Resource disaggregation offers a cost effective solution to resource scaling, utilization, and failure-handling in data centers by physically separating hardware devices in a server. Servers are architected as pools of processor, memory, and storage devices, organized as independent failure-isolated components interconnected by a high-bandwidth network. A critical challenge, however, is the high performance penalty of accessing data from a remote memory module over the network. Addressing this challenge is difficult as disaggregated systems have high runtime variability in network latencies/bandwidth, and page migration can significantly delay critical path cache line accesses in other pages. This paper conducts a characterization analysis on different data movement strategies in fully disaggregated systems, evaluates their performance overheads in a variety of workloads, and introduces DaeMon, the first software-transparent mechanism to significantly alleviate data movement overheads in fully disaggregated systems.
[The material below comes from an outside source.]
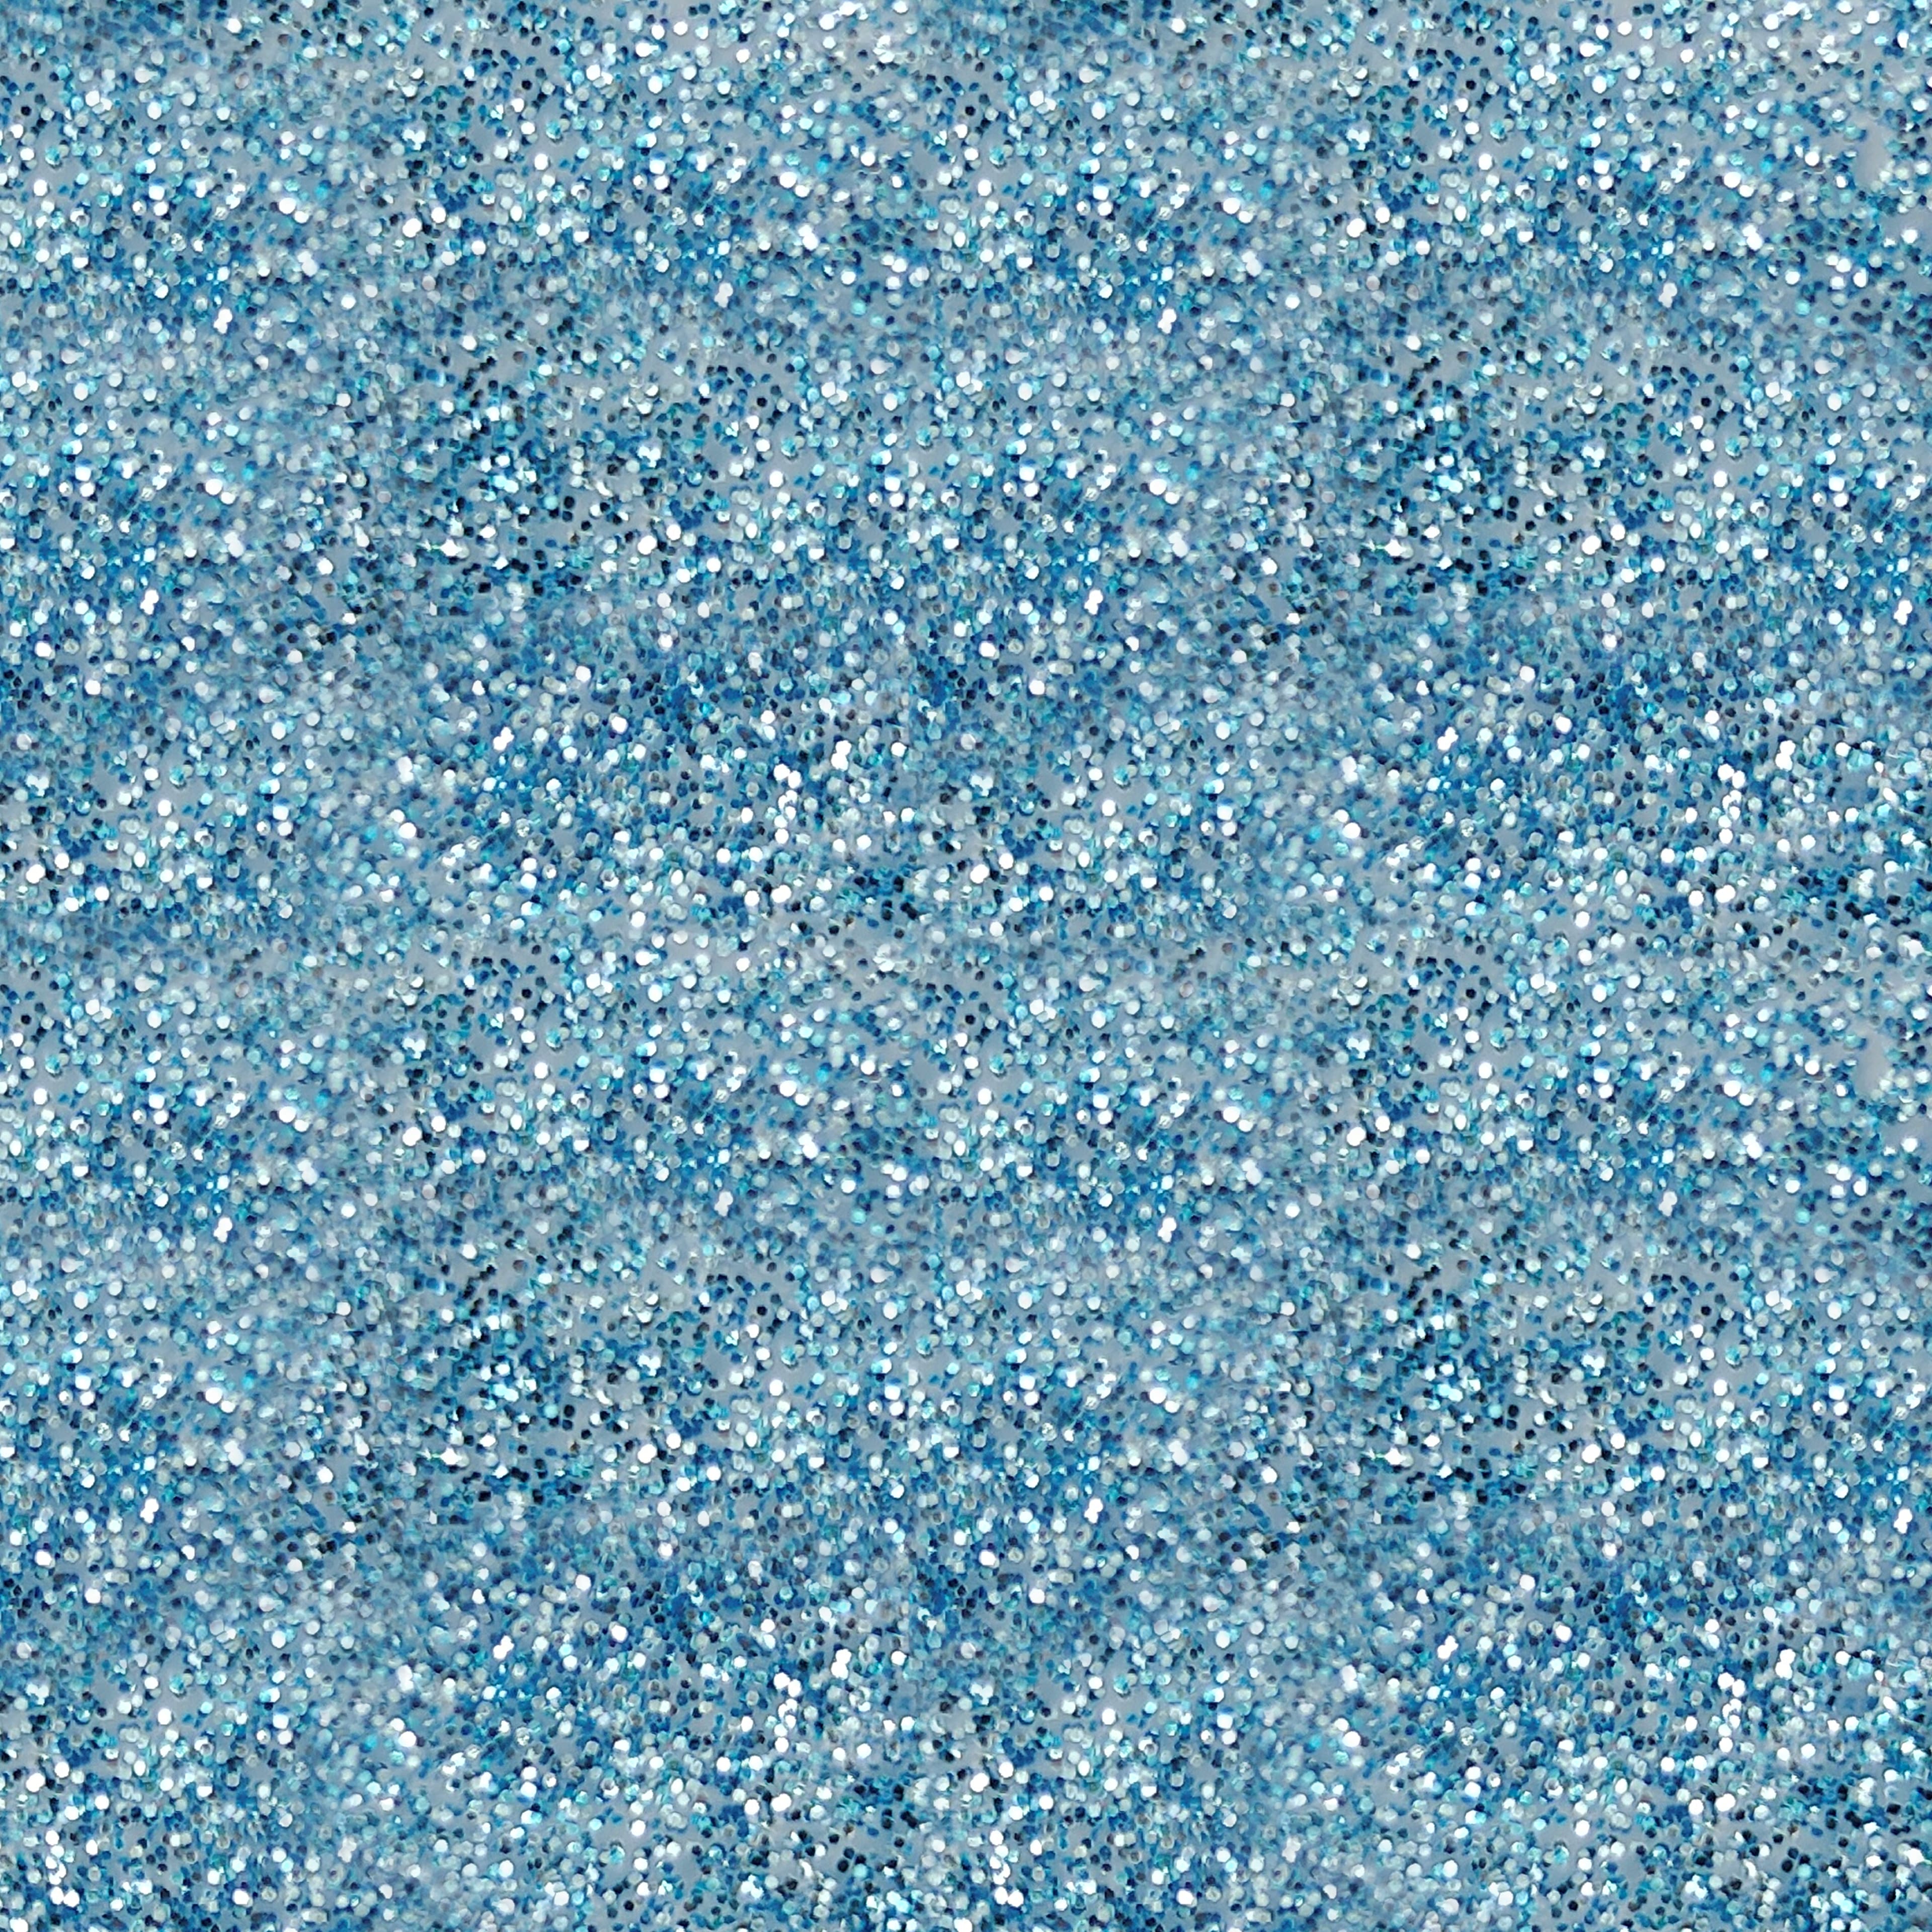 12 Pack: 3.96oz. Light Blue Pearlized Glitter Glue by Creatology&#x2122;

First, to enable scalability to multiple hardware components in the system, we enhance each compute and memory unit with specialized engines that transparently handle data migrations. Second, to achieve high performance and provide robustness across various network, architecture and application characteristics, we implement a synergistic approach of bandwidth partitioning, link compression, decoupled data movement of multiple granularities, and adaptive granularity selection in data movements. We evaluate DaeMon in a wide variety of workloads at different network and architecture configurations using a state-of-the-art accurate simulator. DaeMon improves system performance and data access costs by 2.39$\times$ and 3.06$\times$, respectively, over the widely-adopted approach of moving data at page granularity.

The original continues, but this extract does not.